When she's out late can you verify where she is?
_Posted via Mobile Device_


----------



## AlmostYoung

It sounds like she has entered into a mid life crisis. She is unhappy and disappointed with everything in her life up to this point, and is searching for something more. Trying to break up the new friendship that she is passionate about will only backfire on you. In her mind she’s finally on a sensible path now that she has decided to leave you and try new things. What she doesn’t yet realize is that she can find this meaning and purpose that she is desperately searching for while staying in the marriage. You can lead the way.

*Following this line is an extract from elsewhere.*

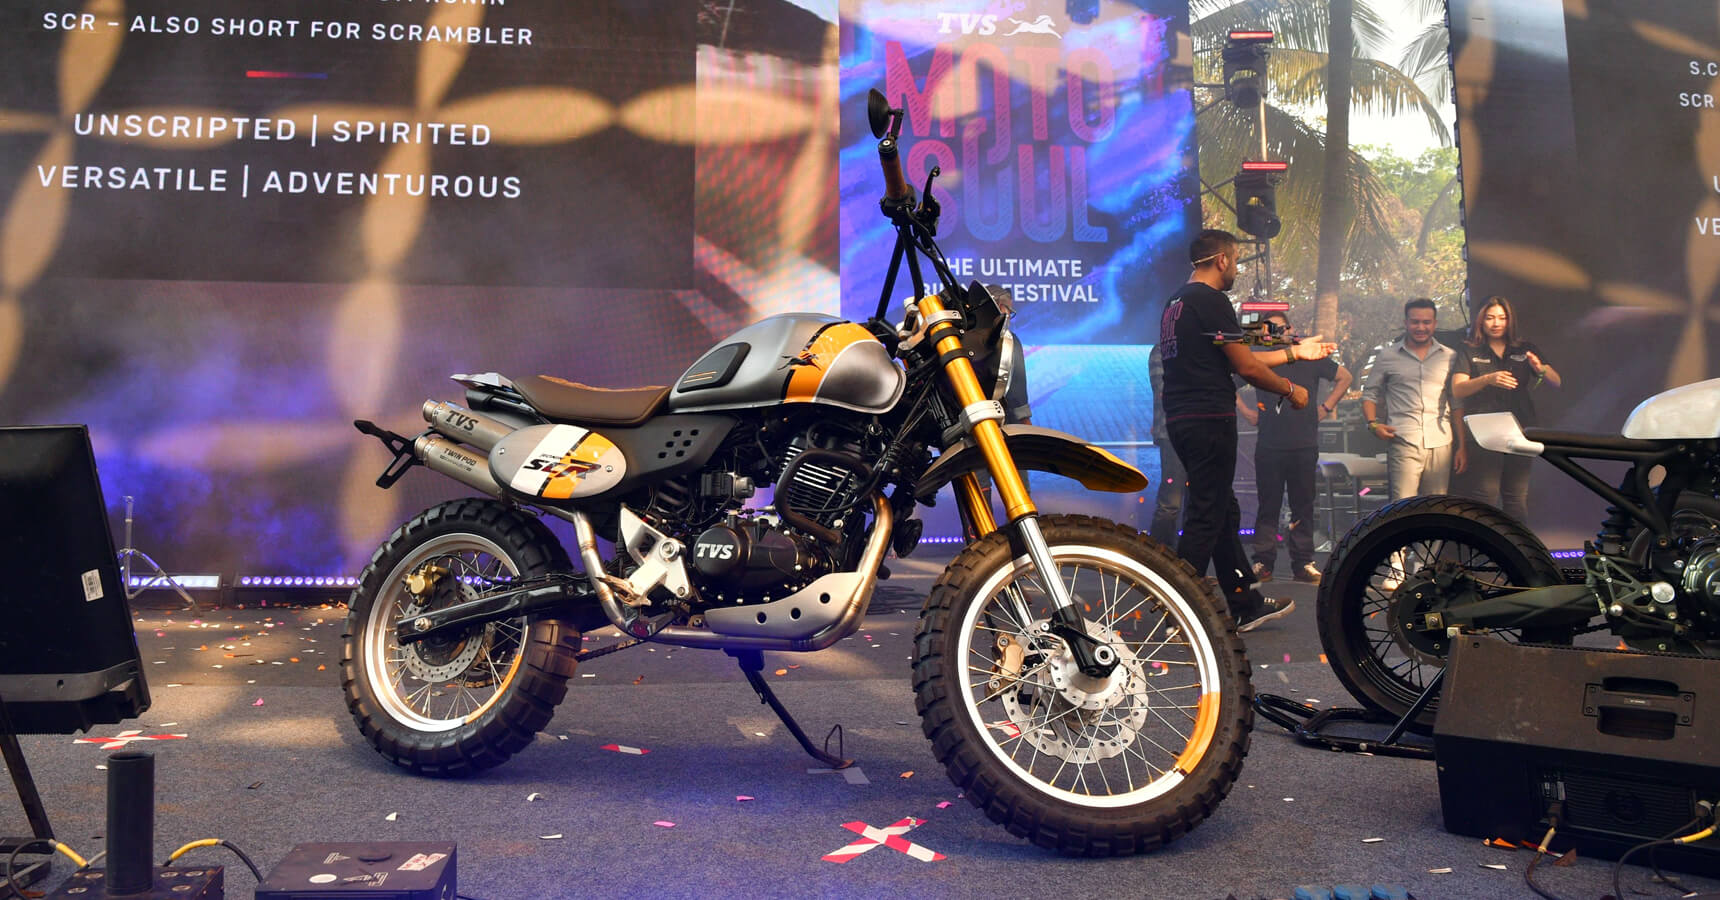 TVS showcases custom built Ronin Motorcycles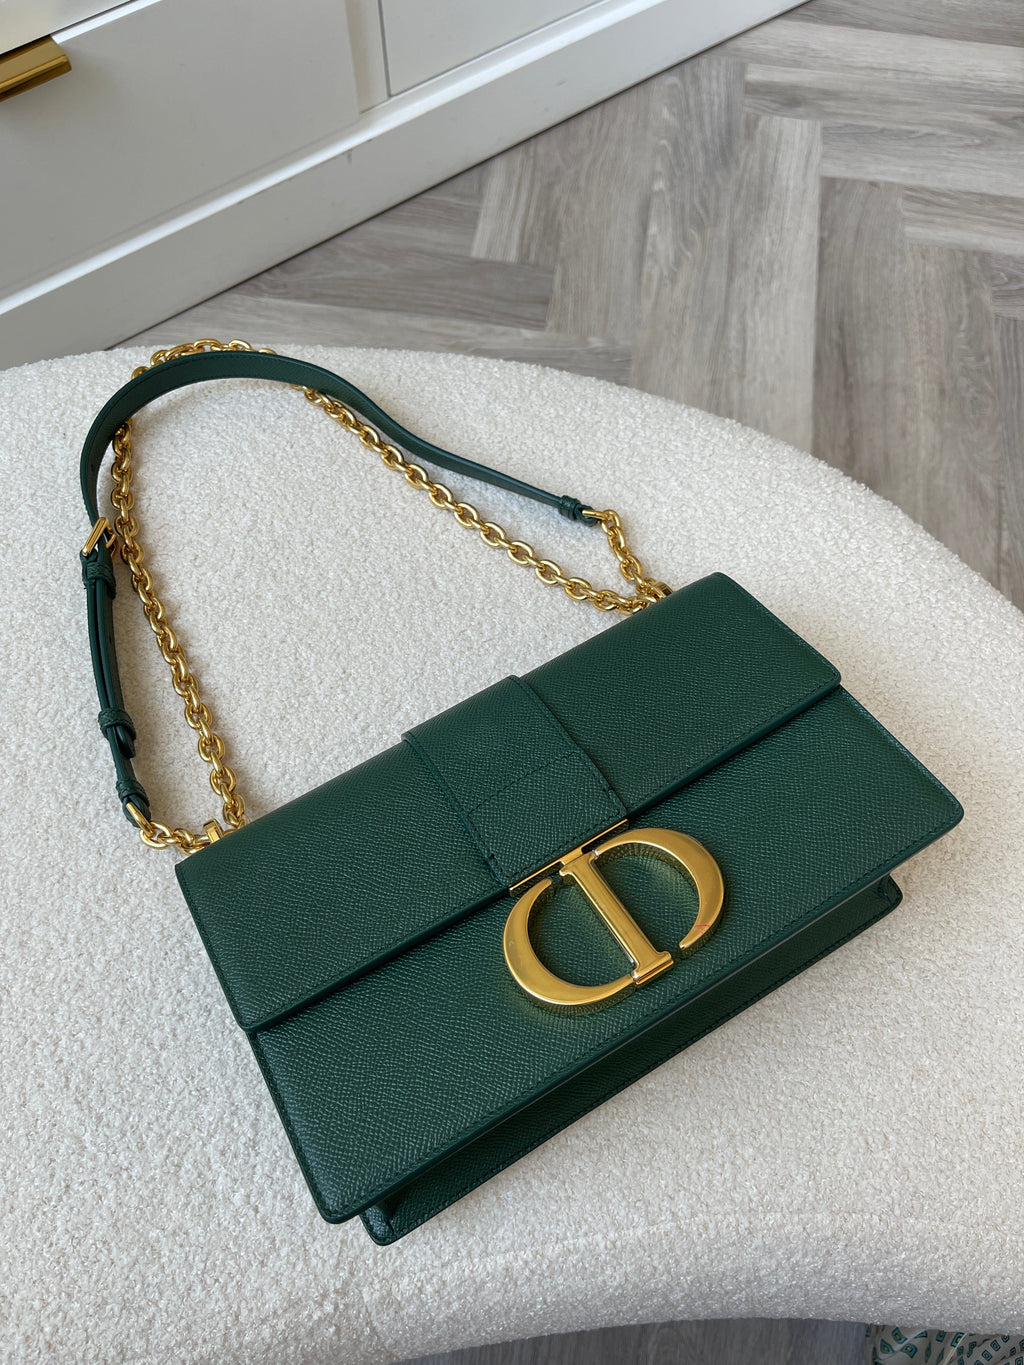 Dior 30 Montaigne Bag | 3D Model Collection

First, DO NOT PANIC! Don’t beg and plead for another chance, don’t attempt to force her into counseling, don’t criticize her or try to make her feel bad for wanting to leave, and don’t try to end her new friendship. Instead, work on yourself. Stay connected to her as much as possible and build on that. You want to be the one she confides in and tells everything to, and likes to have fun with. Get some new hobbies, take some classes, go out with friends. Tell her all about the exciting things going on in your life. Ask about her interests, desires, dreams. Understand that she will not come around overnight, no matter what you do. Prepare yourself for a long ride if you want to save this. The good news is that it is possible to rebuild your marriage to one that is even stronger and more passionate than before.

Search “mid life crises in women” and learn what’s going on in her mind. You have to understand what she’s going through before you can respond properly. Do not suggest to her that she is going through a MLC. It will trivialize her feelings and she will resent the label. Remember, she has decided on a new course in life and it makes perfect sense to her.


----------



## Lon

It's an emotional affair (EA) at the minimum, or atleast for her it is and so she's following the cheaters script. When they get infatuated with their fantasy version of someone else they acquire an uncanny ability to rewrite their emotional history with you, even pinpoint the moment they fell out of love usually (hint it will be some trivial event such as you leaving the dishes out on the counter sometime 2 years ago, in which she felt it was the universe giving her a sign).

If she was working late, it is probably also a PA, very likely something kinky and really difficult for your mind to cope with and you may start forming mental images of your W that torture you - just realize that when they go into affair fog they are capable of so much hurt to you and it not about you its about their twisted mind trying to experience as much as possible as fast as possible, it really is quite wreckless, they don't even mind the risk of being caught cause that just adds to it. It is horrible to experience as a loyal betrayed spouse, but you are not alone in this.


----------



## abaco

AlmostYoung said:


> It sounds like she has entered into a mid life crisis. She is unhappy and disappointed with everything in her life up to this point, and is searching for something more. Trying to break up the new friendship that she is passionate about will only backfire on you. .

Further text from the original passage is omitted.